■ Description of the task: Look below for the line with "Saudi Arabia và". Retype it and every line after it to the end, exactly, but leave out the pictures.

■ Records to process:

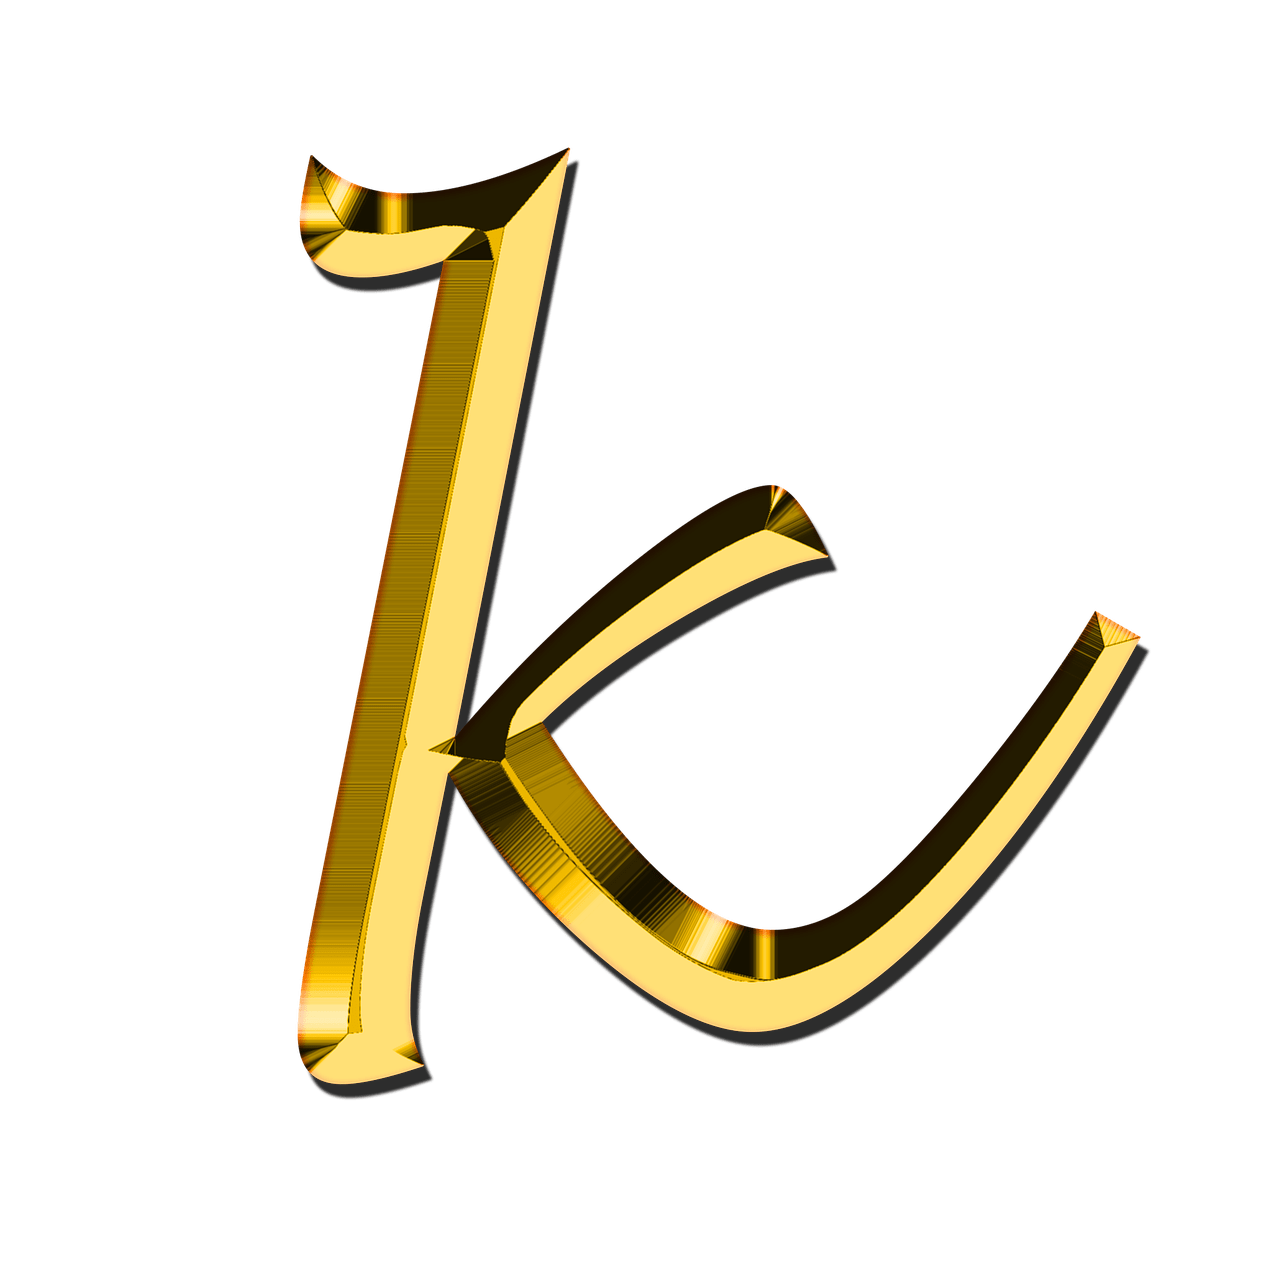 L clipart letter k, L letter k Transparent FREE for download on
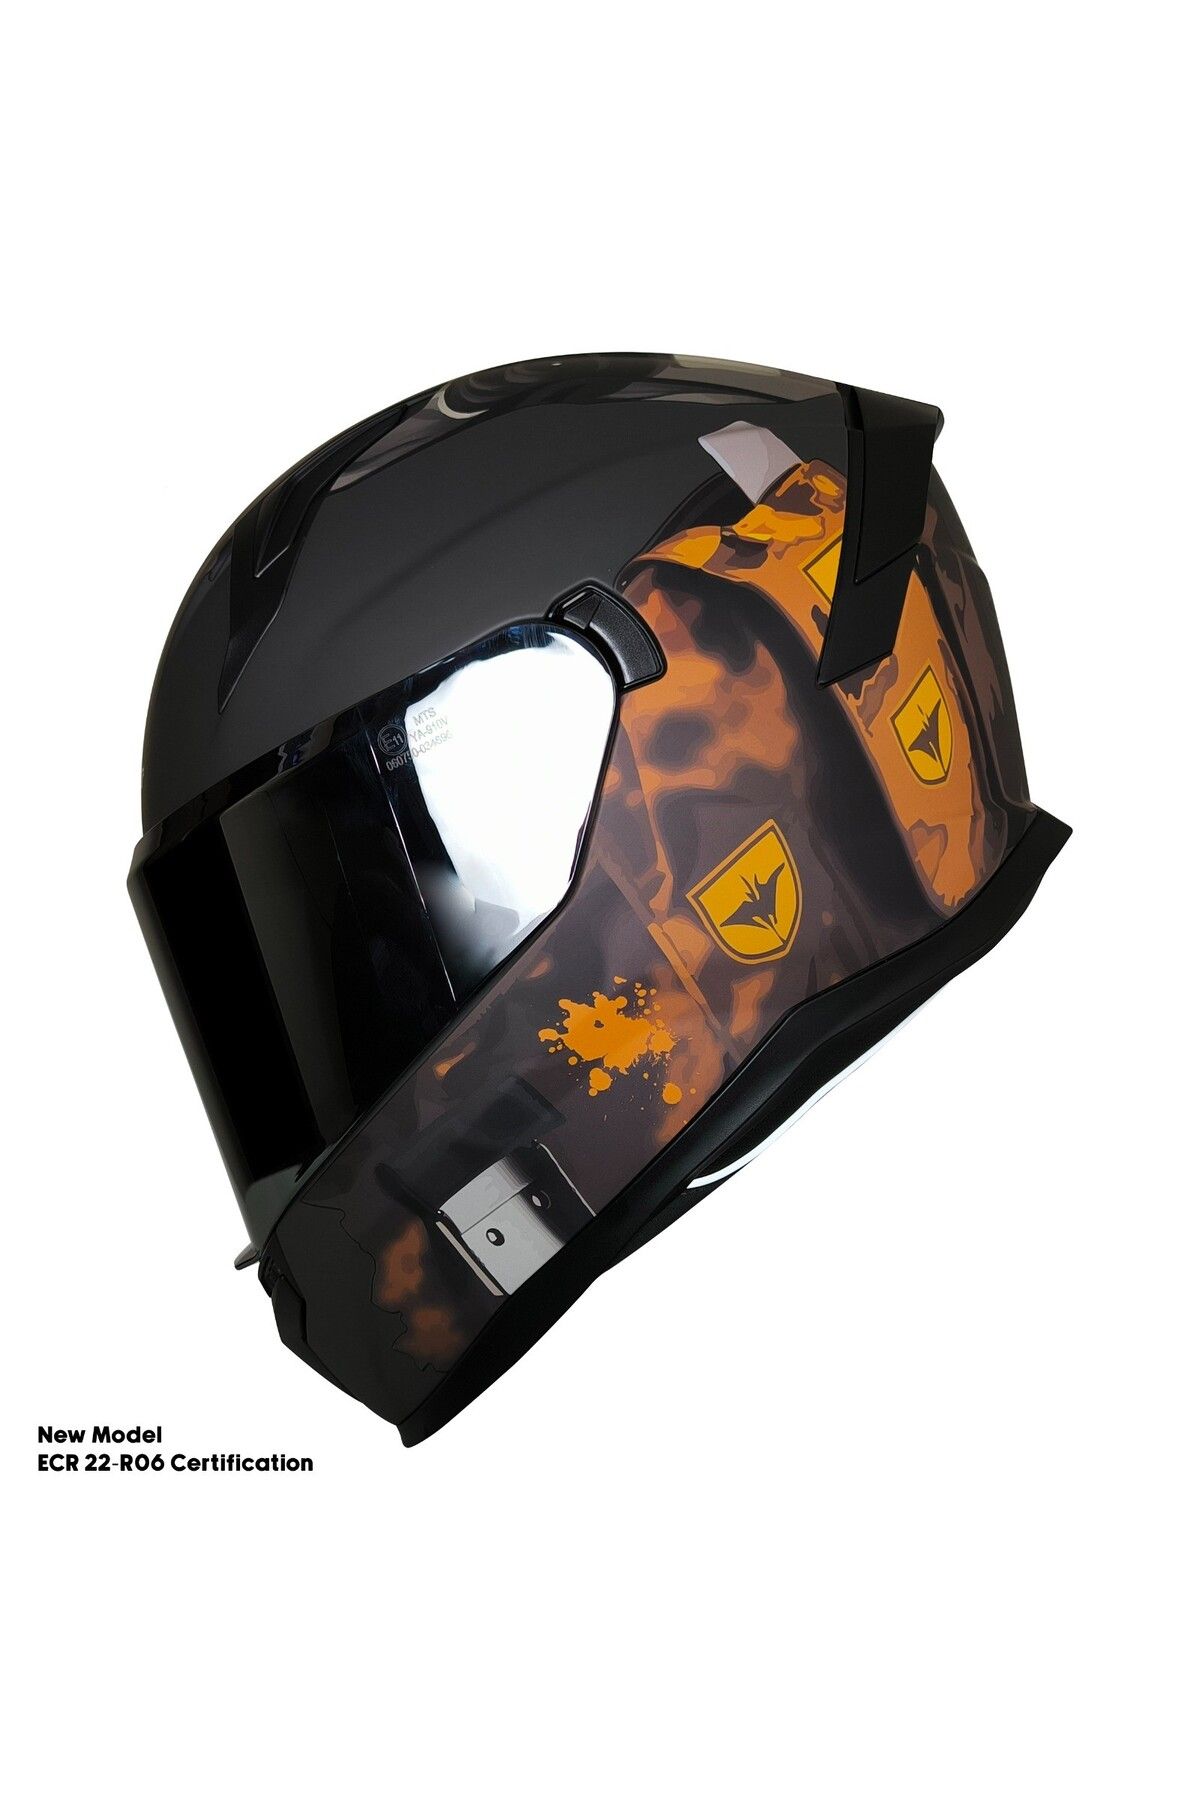 ebakbak Motosiklet Kask Ece 22.R06 Sertifikalı Güneş Vizörlü Fiber Kask Full Face Motor Kaskı Yeni Sezon
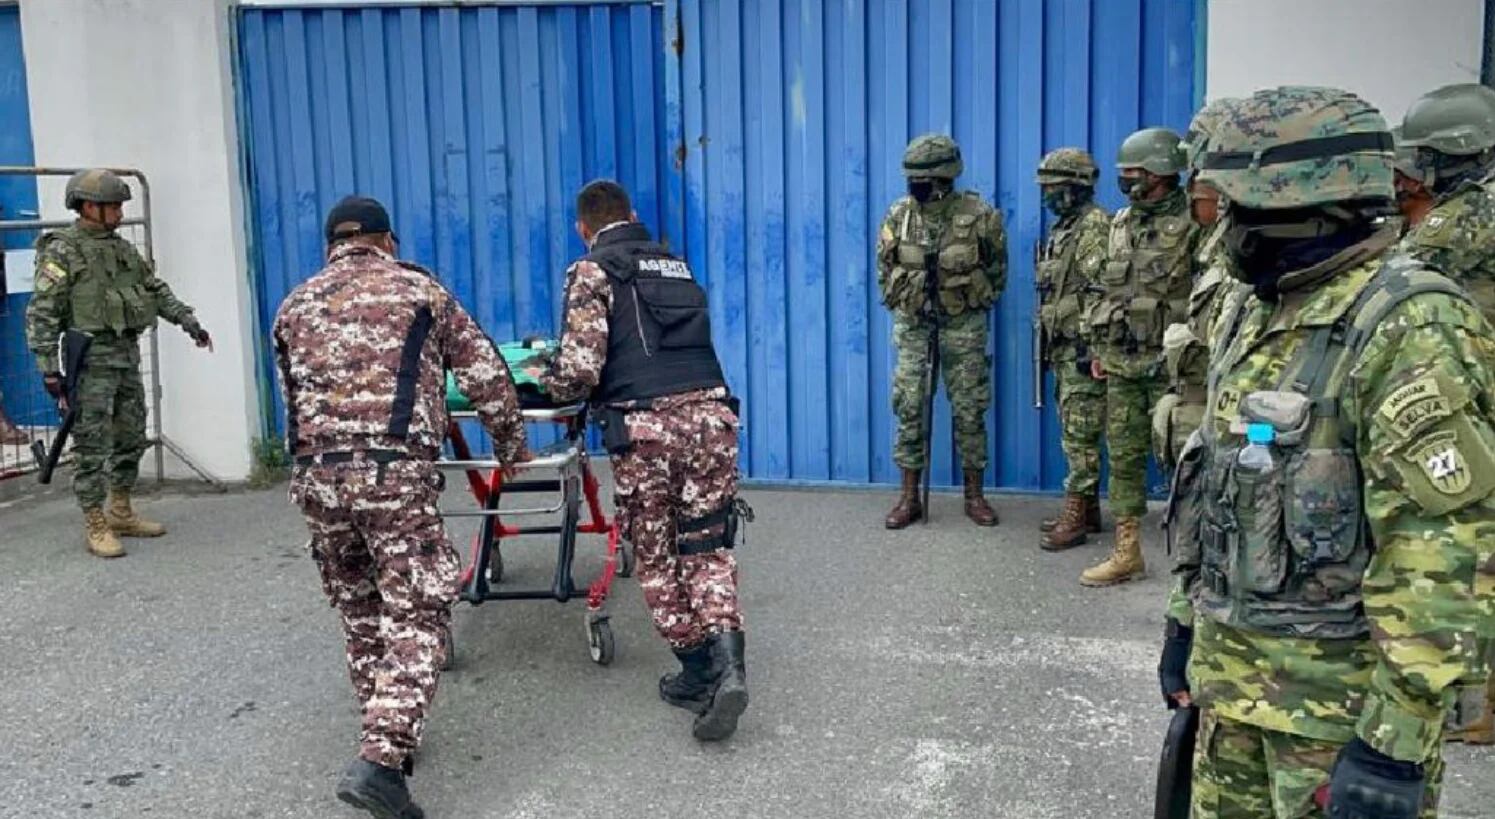 At least six prisoners were murdered in a prison in Ecuador
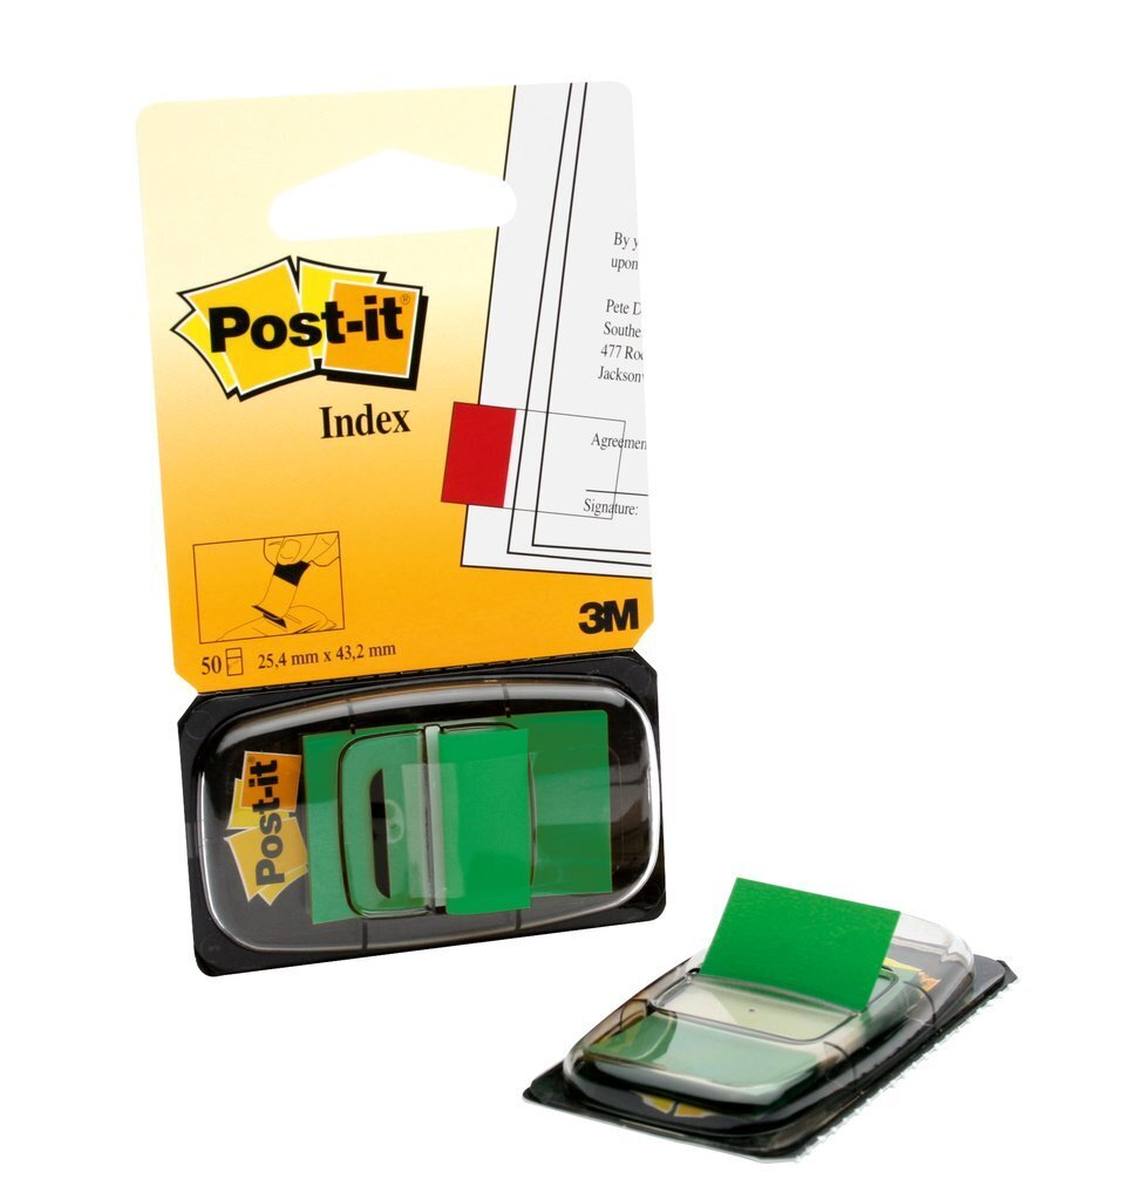 3M Post-it Index I680-3, 25,4 mm x 43,2 mm, verde, 1 x 50 tiras adhesivas en dispensador
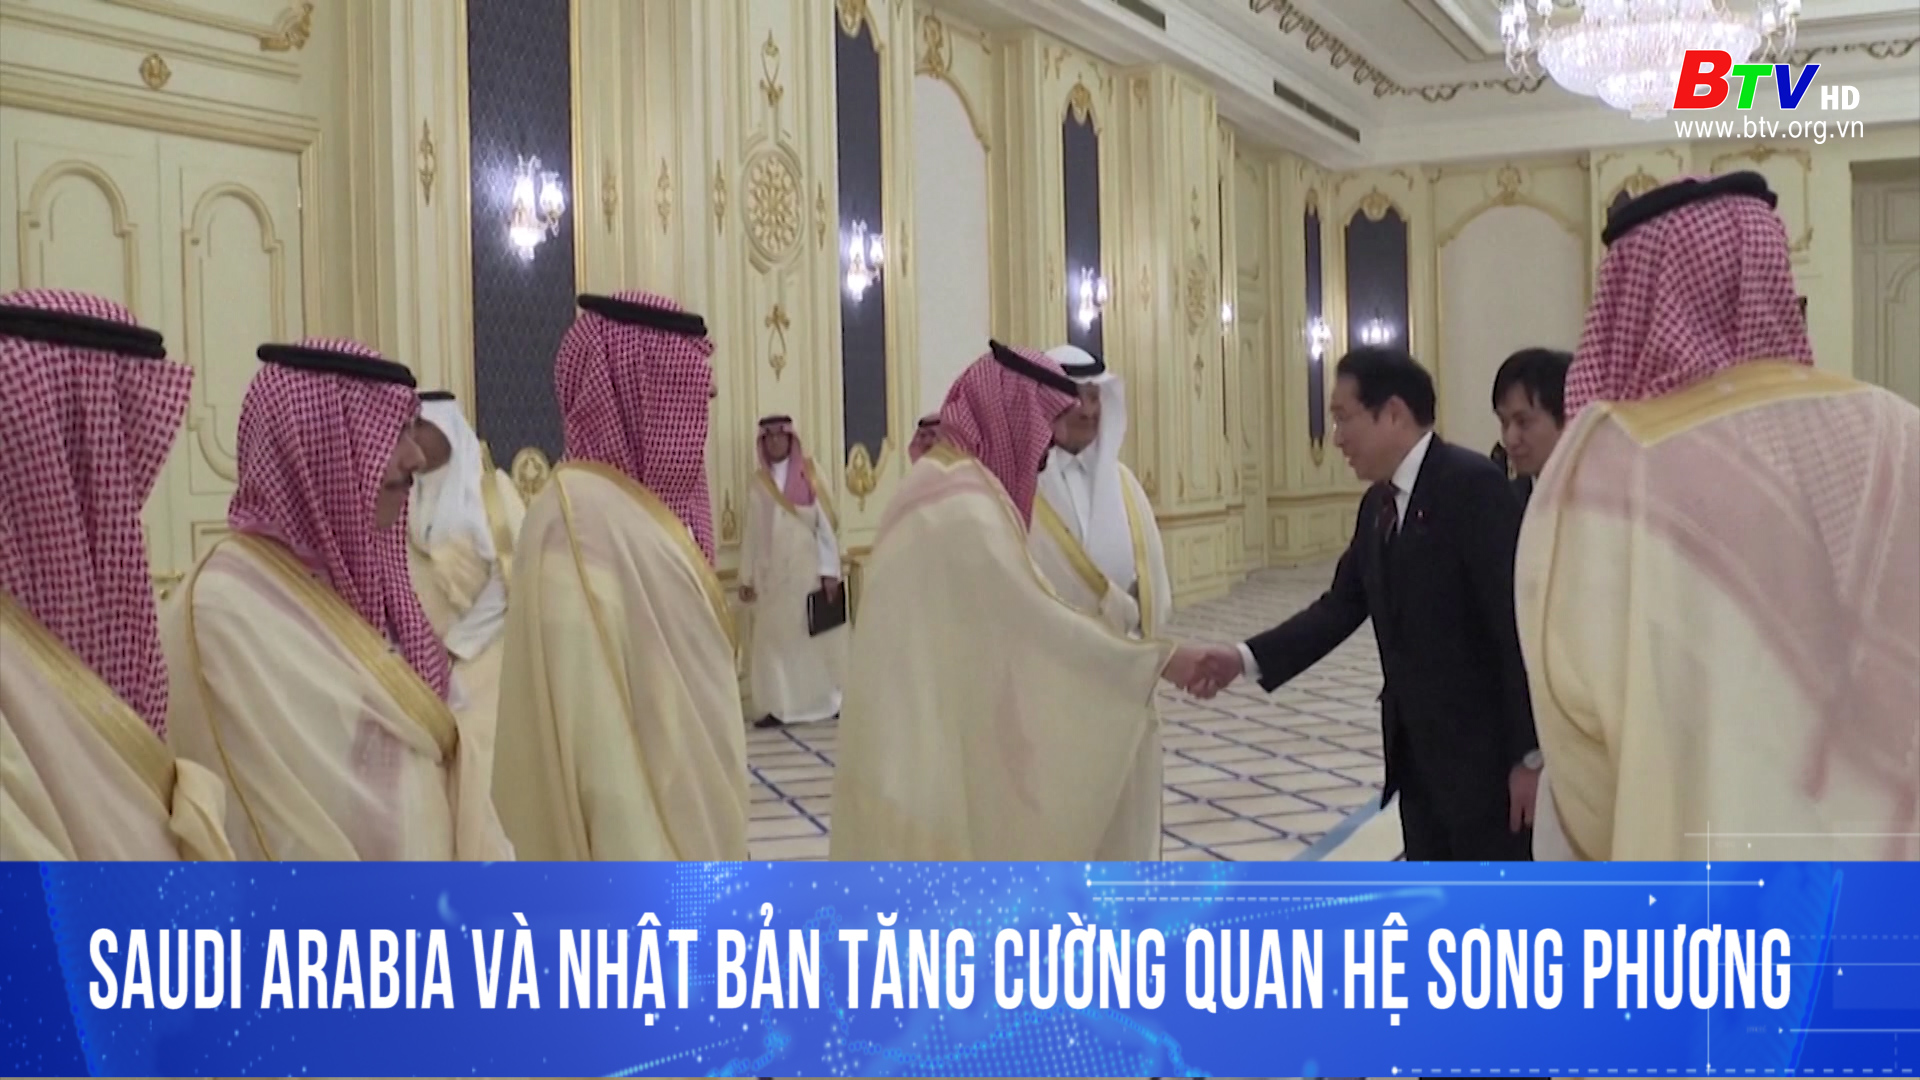 Saudi Arabia và Nhật Bản tăng cường quan hệ song phương
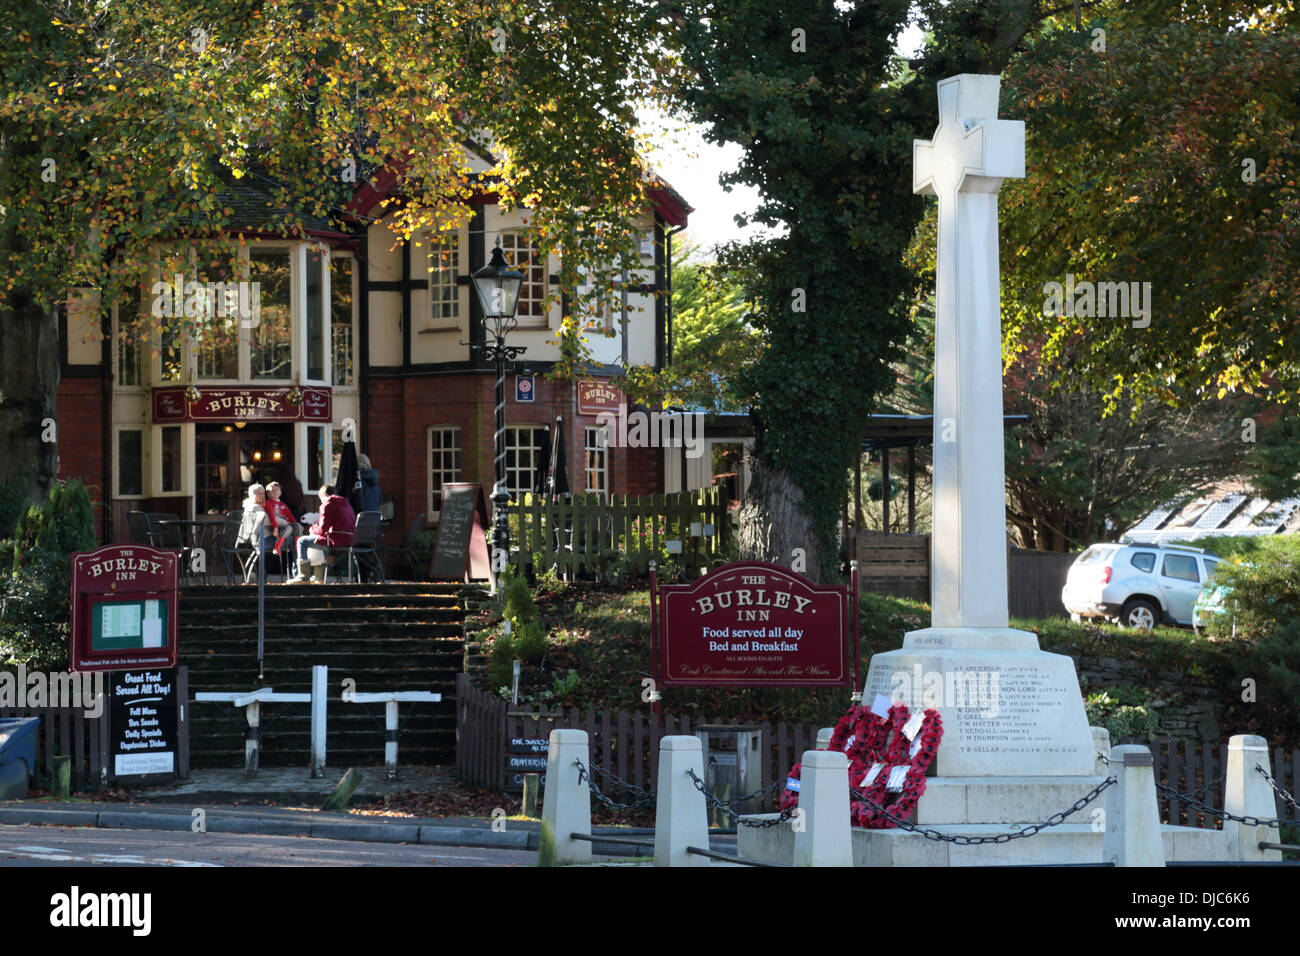 Monument commémoratif de guerre avec des couronnes de coquelicots - le nouveau village de Burley, Hampshire. Prise le Dimanche du souvenir 2013. Banque D'Images

■ Response area:
 Saudi Arabia và Nhật Bản tăng cường quan hệ song phương
 Monument commémoratif de guerre avec des couronnes de coquelicots - le nouveau village de Burley, Hampshire. Prise le Dimanche du souvenir 2013. Banque D'Images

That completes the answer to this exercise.